Anybody every try their line of ferts for freshwater planted tanks? They have a whole line of stuff but interestingly no P supplements.

http://www.brightwellaquatics.com/


----------



## bigstick120 (Mar 8, 2005)

Ive been using their Florinmulti and Florin-axis for a few months now, seems to work well. Their stuff is much more concentrated then other brands so that is an added bonus. Im also curious why they dont have any PO4 source.


----------



## stuckintexas (Aug 12, 2008)

ive heard that seachems products are better...but i usually take that with a grain of salt. one person i talked to was super passionate about using flourish iron over the brightwell iron product. something about how the form that the iron is in...the plants have a harder time using the iron in the brightwell product. its over my head, so instead of trying to understand it i took the lazy approach and just bought the flourish iron.


----------



## Tex Gal (Nov 1, 2007)

I have used one bottle of the brightwell Fe. It didn't seem to make any difference in the plants as compared to Seachem. Perhaps a longer experiment is necessary. I just got another bottle.


----------



## Bunbuku (Feb 10, 2008)

I ordered a small bottle of each from their whole fert line to try out from this store http://www.thatpetplace.com/pet/cat/infoL3/23072/category.web. Prices are comparable to the major competitor and if they are more concentrated it will be a better value. Their daily dosing scheme seems to be much less complicated too!


----------



## hooha (Apr 21, 2005)

I've been interested in trying the Axis (carbon source).....may have to check them out!


----------



## AaronT (Apr 26, 2004)

stuckintexas said:


> ive heard that seachems products are better...but i usually take that with a grain of salt. one person i talked to was super passionate about using flourish iron over the brightwell iron product. something about how the form that the iron is in...the plants have a harder time using the iron in the brightwell product. its over my head, so instead of trying to understand it i took the lazy approach and just bought the flourish iron.

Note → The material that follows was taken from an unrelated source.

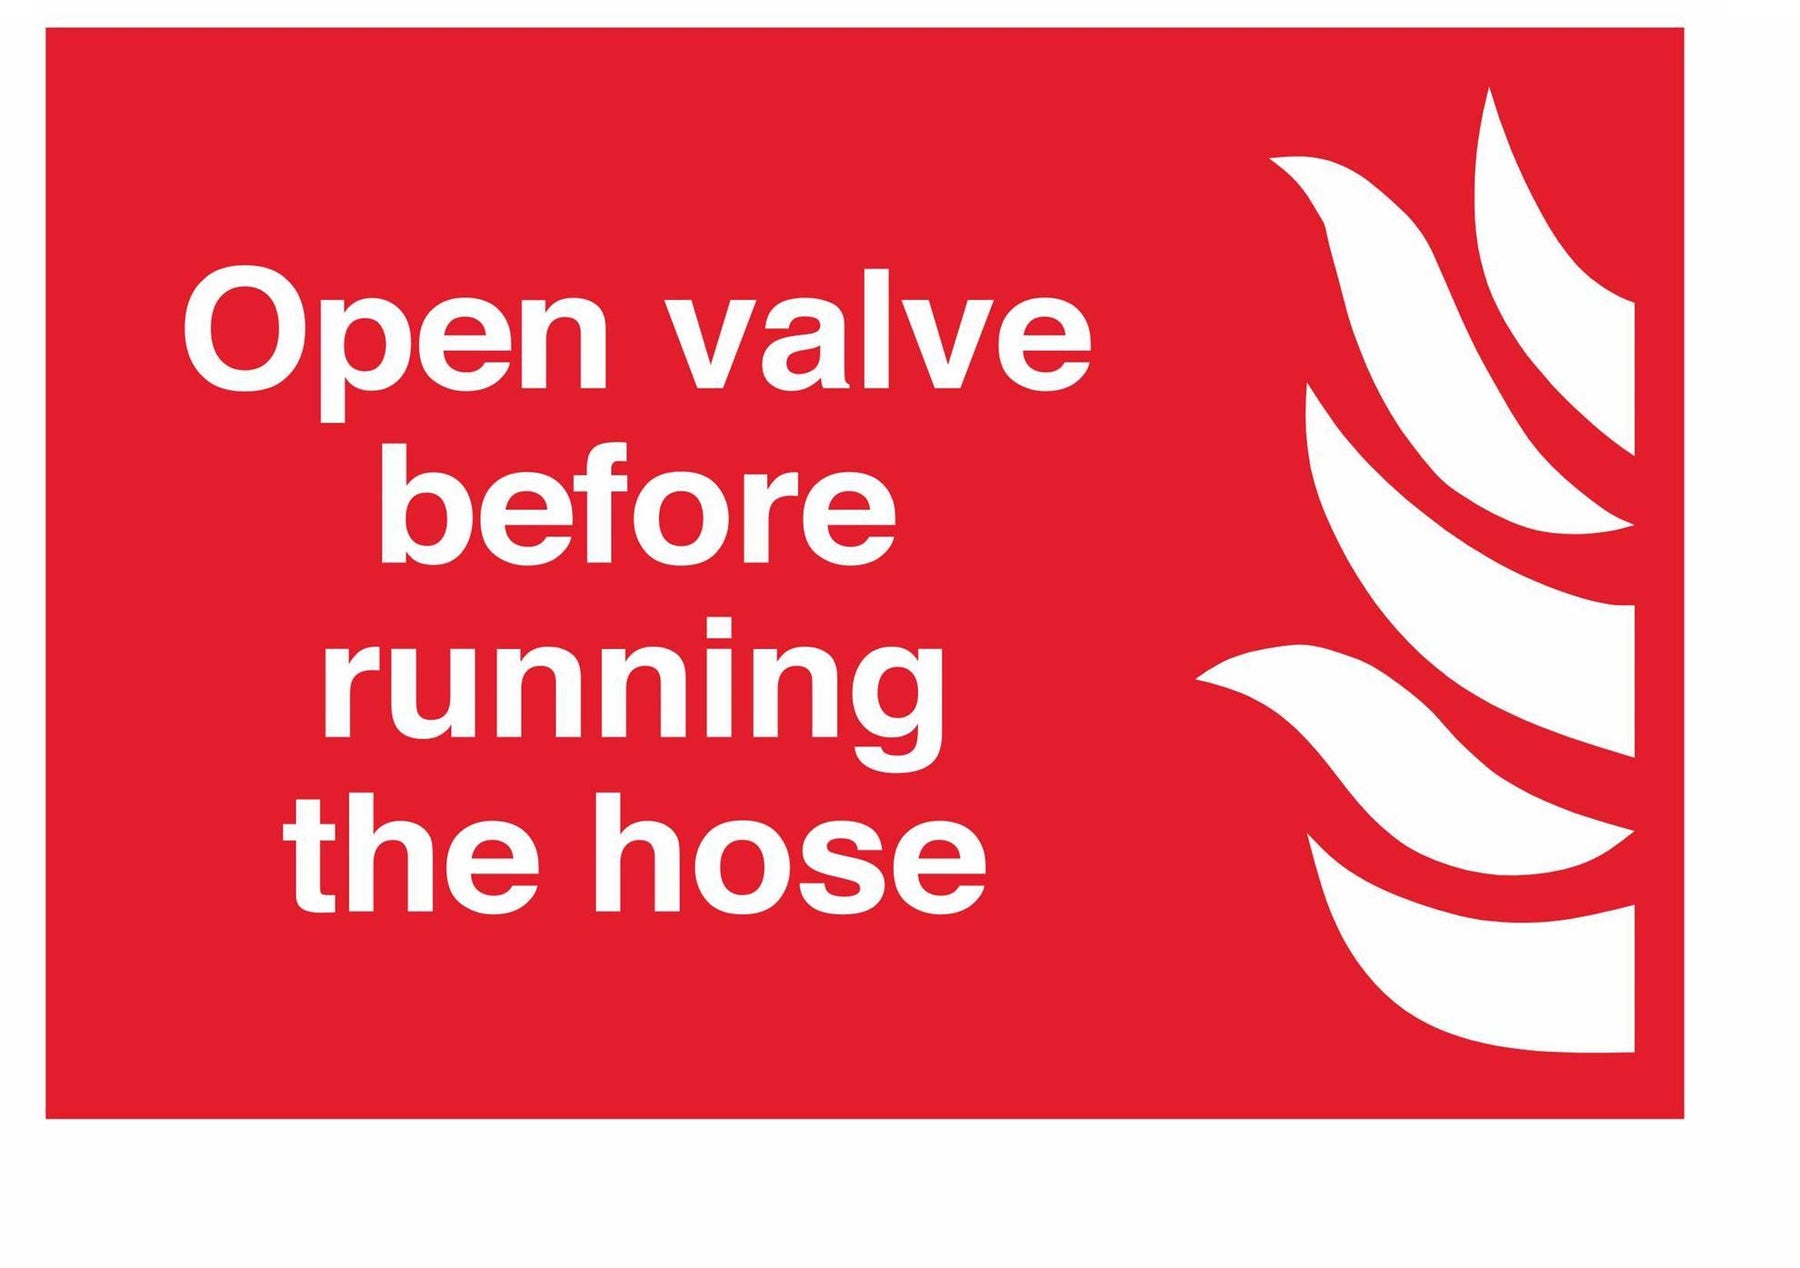 Open valve before running the hose

Seachem's Flourish Iron is composed only of iron gluconate which is shown to be readily absorbed and used by plants. Brightwell's product also contains iron EDTA, which is less available to plants in an alkaline environment.


----------



## stuckintexas (Aug 12, 2008)

so if my ph is acidic is there a difference or is alkalinity different than what I'm thinking?


----------



## AaronT (Apr 26, 2004)

stuckintexas said:


> so if my ph is acidic is there a difference or is alkalinity different than what I'm thinking?


The EDTA form of the iron takes longer to be used up so it provides a more stable supply of iron or at least that's Brightwell's philosophy from what I read on their website. The ferrous gluconate is absorbed by the plants very readily.

Yes, an acidic pH would be best to see the benefits of using the Brightwell product.


----------



## Tex Gal (Nov 1, 2007)

Thanks Aaron. I was looking on the bottle to see what kind of iron it was (since the FE uptake lecture ). Since our planted tanks are usually low pH, I wonder if it would make a difference. It's about the time for me to buy a new bottle.


----------